Dominique Ottavi : mettre en lumière une doxa

Dominique Ottavi - Chaire de recherche Collège des Bernardins - Transmettre/Apprendre - Marcel GauchetVoir l’enfant comme l’auteur de ses apprentissages, voilà une idée forte qui s’est imposée dans la vision actuelle de l’éducation. Une idée qui peut être contestée mais qui mérite un détour dans l’histoire des idées et que s’est proposé de faire Dominique Ottavi.
Pour mettre en lumière les fils qui constituent cette doxa, Dominique Ottavi a souhaité revenir dans un premier temps sur l’influence du philosophe Spencer (1820-1903).
Pour le penseur Kieran Egan (1942), Spencer a joué un rôle considérable dans l’élaboration et la diffusion de cette idée forte. Il lui attribue cinq types d’influences :

  • l’idée que le curriculum des études doit se régler sur le développement psychologique, naturel de l’enfant ;
  • l’idée que la pensée naturelle quand elle n’est pas contrariée par les préjugés  se tourne vers la science (ce qui entraîne chez lui des options pédagogiques : contestation des humanités…) ;
  • l’idée que l’enseignement doit passer par le concret ;
  • l’idée, influencée par la théorie de l’Évolution, que l’enfant évolue du « simple vers le complexe » ;
  • l’idée que l’enfant ‘reparcourt’ un certain nombre d’étapes qui ont été celles que les êtres vivants ont parcouru antérieurement.
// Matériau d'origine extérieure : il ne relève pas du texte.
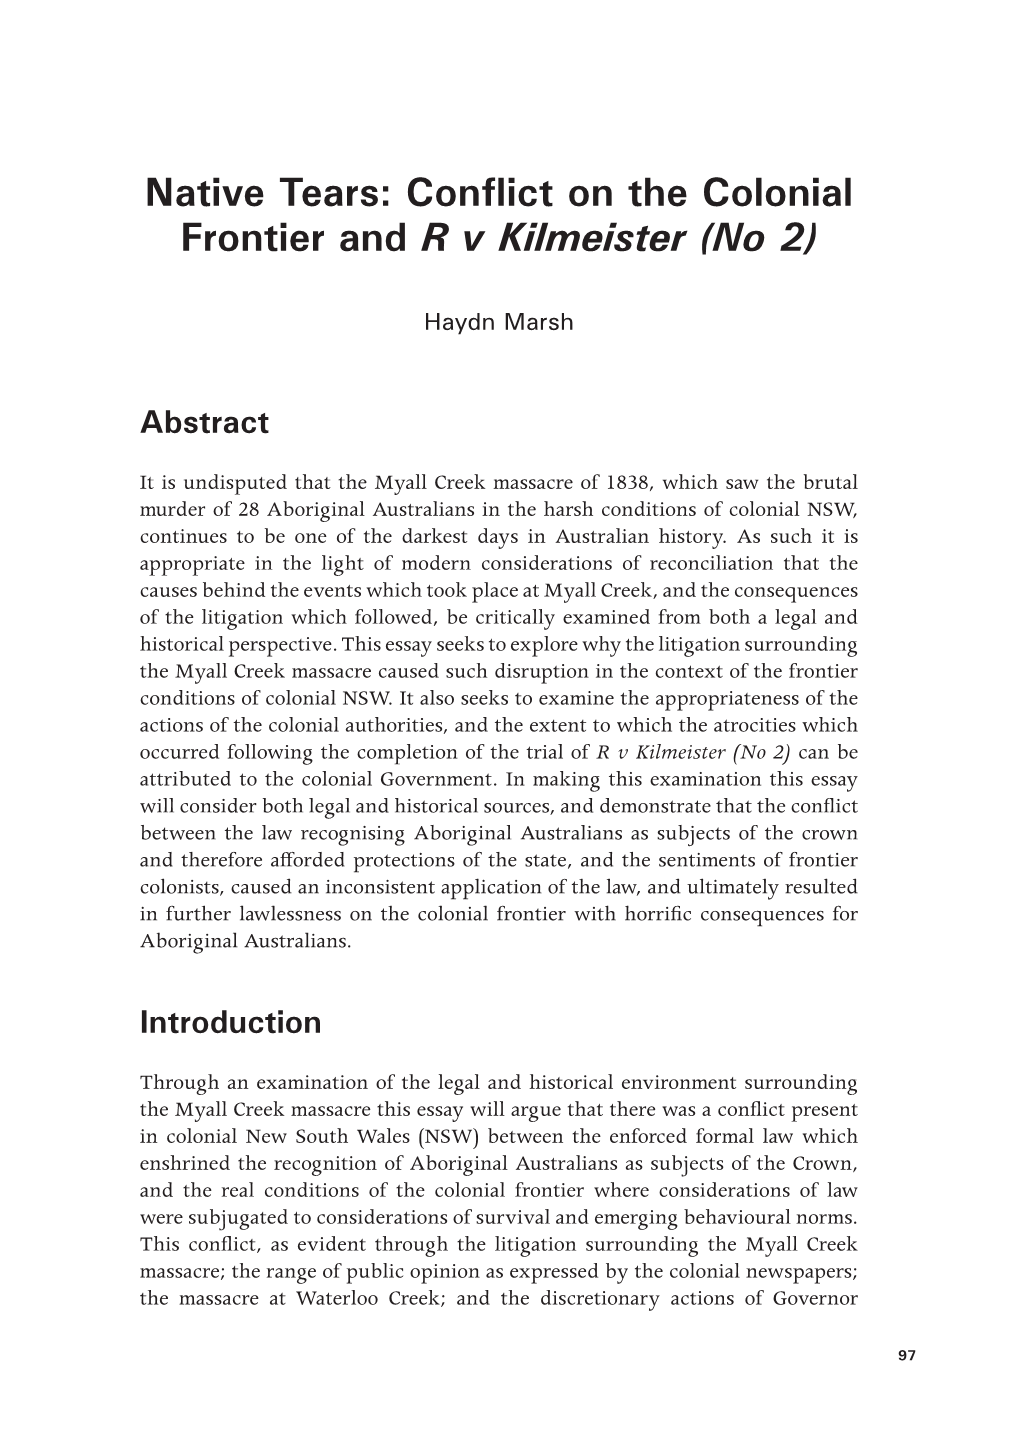 Conflict on the Colonial Frontier and R V Kilmeister (No 2)

Il faudrait aussi ajouter l’idée, fortement marquée par la lecture de Rousseau, qu’il faut laisser l’enfant expérimenter à sa guise, faire peser le moins d’autorité possible sur lui.

La figure de Spencer est doublement intéressante car il articule des éléments de l’utilitarisme avec l’héritage du XVIIIe siècle et intègre les idées les plus novatrices de son époque : il représentait la modernité pédagogique.
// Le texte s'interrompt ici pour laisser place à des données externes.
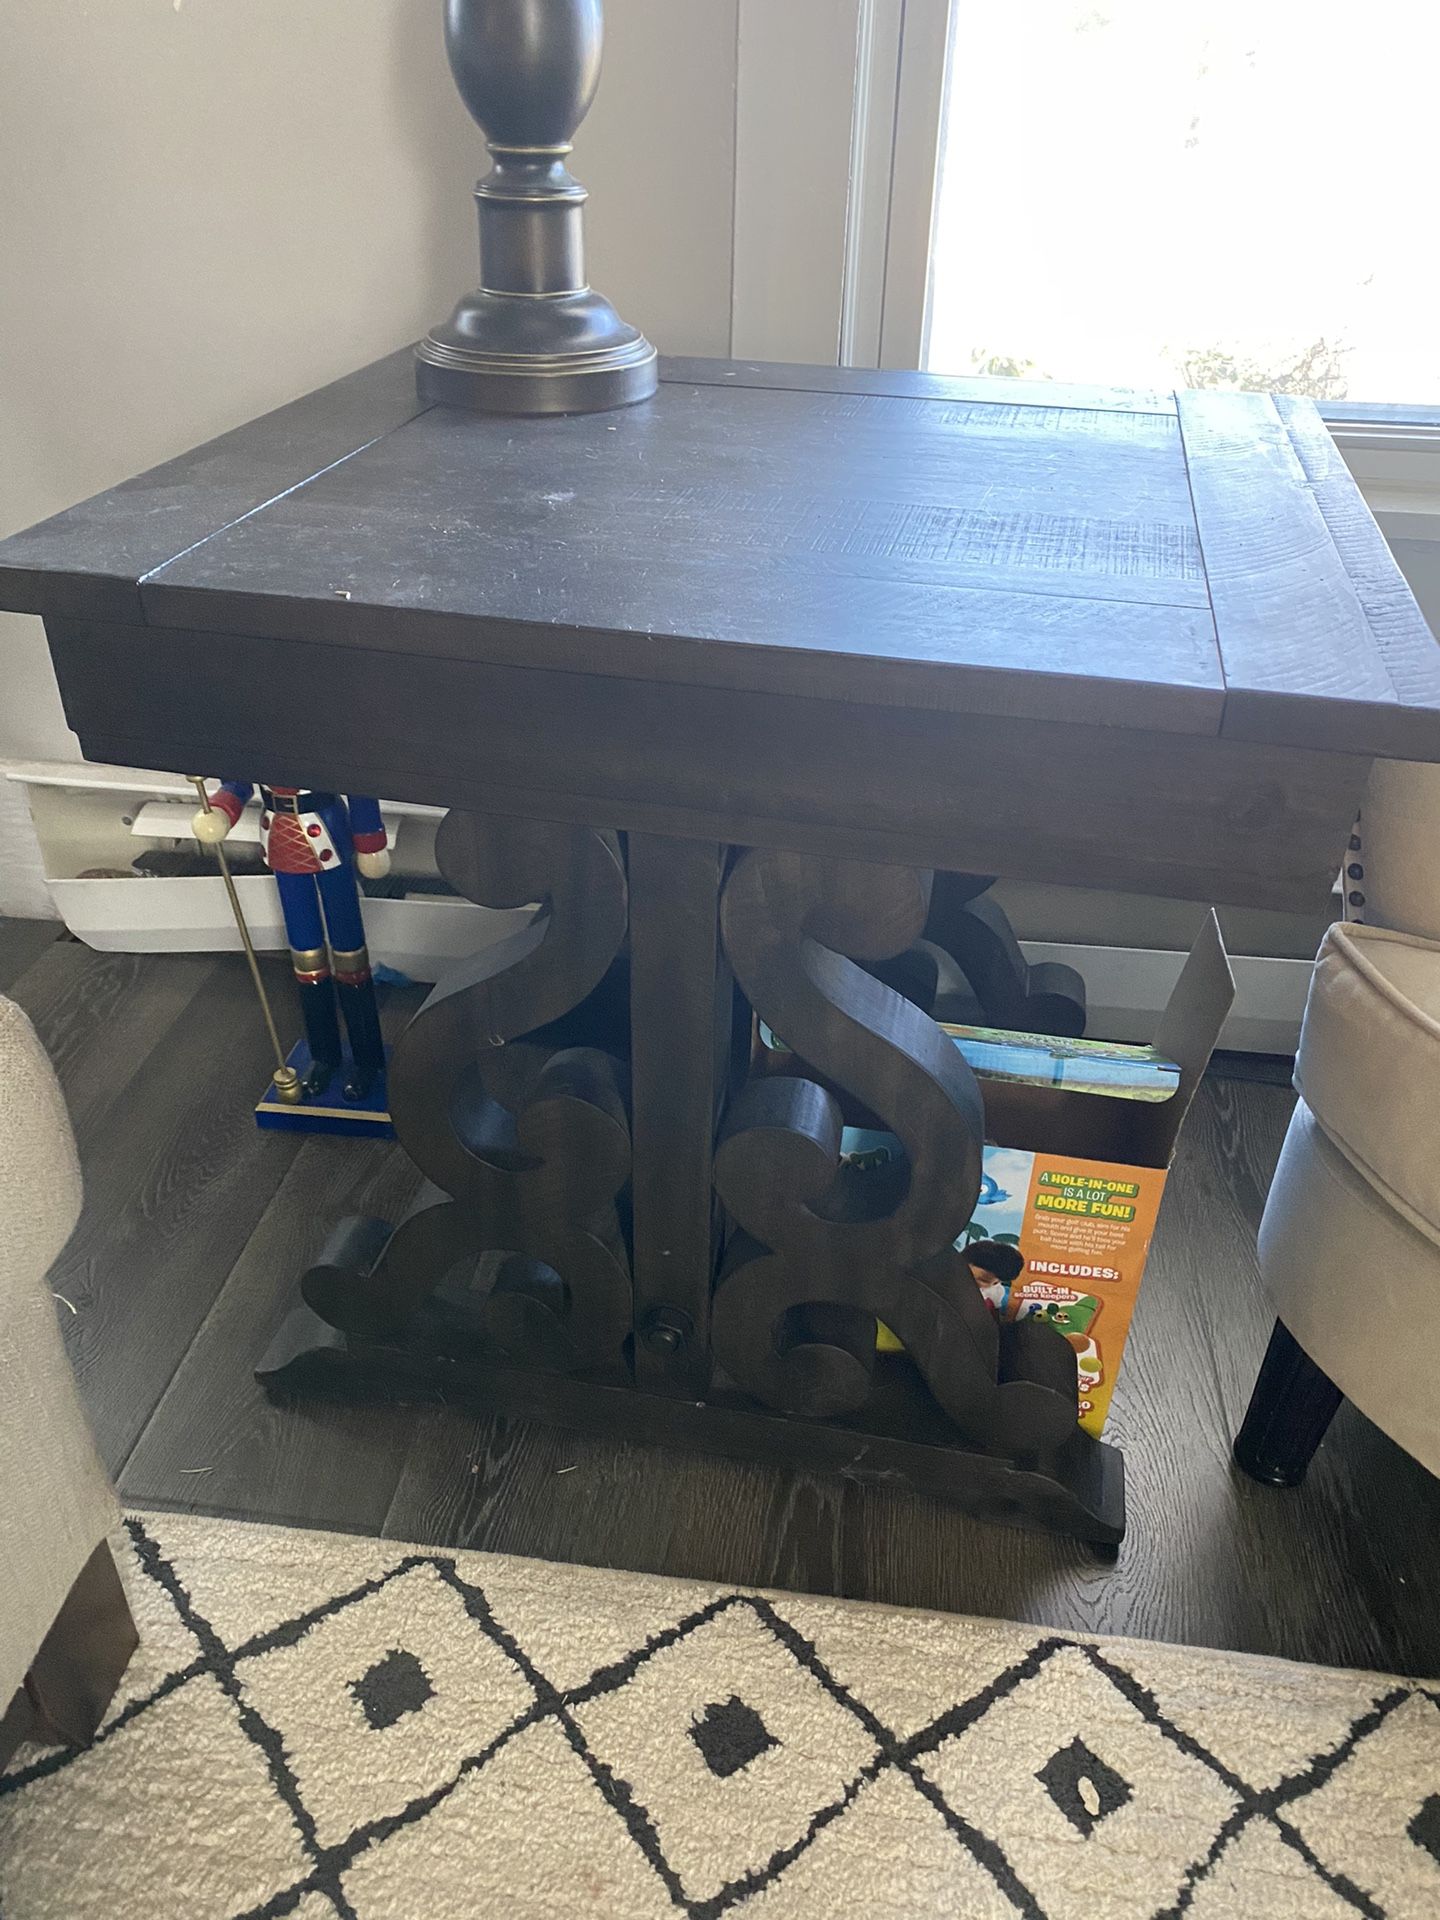 Charthouse End Table

Dans cette histoire des idées, les évolutionnistes ont eu aussi un poids important.
Ils se sont occupés de l’enfant et ont contribué à changer le regard qu’on portait sur lui et son éducation.
La théorie évolutionniste considère l’enfant comme un être autonome habité par une force vitale qui le dépasse et qui va le conduire à apprendre. Cette idée se retrouve dans L’âme de l’enfant de Wilhem Preyer et chez Darwin.
Néanmoins, le terme évolutionniste recouvre une grande diversité qu’il ne faudrait pas simplifier. La question du langage est par exemple au cœur de la pensée d’Hippolyte Taine (1828-1893) : le langage témoigne du développement intellectuel de l’enfant et l’enfant se l’approprie selon ses moyens, mais disparaît chez Darwin. Un effacement qui est quelque chose de particulièrement frappant dans l’évolution de la psychologie de l’enfant.

Dominique Ottavi a souhaité insister sur le caractère complexe et pluriel des origines de cette doxa. Les ramifications de cette opinion simplifiée sont multiples et témoignent en réalité d’une réflexion riche sur l’éducation. L’évolution de l’Institut Jean-Jacques Rousseau à Genève fondé en 1912, à l’origine destiné à être un laboratoire des pédagogies nouvelles, a finalement concouru à étouffer cette effervescence.
Selon Dominique Ottavi, cet Institut a fait passer pour des évidences ce qui n’était qu’une hypothèse, un chantier de recherches : que le processus éducatif soit centré sur l’enfant et non le contraire est devenu un mot d’ordre. La devise de l’Institut est claire : « Le maître apprend de l’enfant ».

Transmettre – Apprendre est un séminaire émanant du département Sociétés humaines et responsabilités éducatives.
Ce cycle de conférences est placé sous la direction de Marcel Gauchet, directeur de recherches à l’École des hautes études en sciences sociales, et titulaire de la Chaire du Collège des Bernardins 2010 – 2011.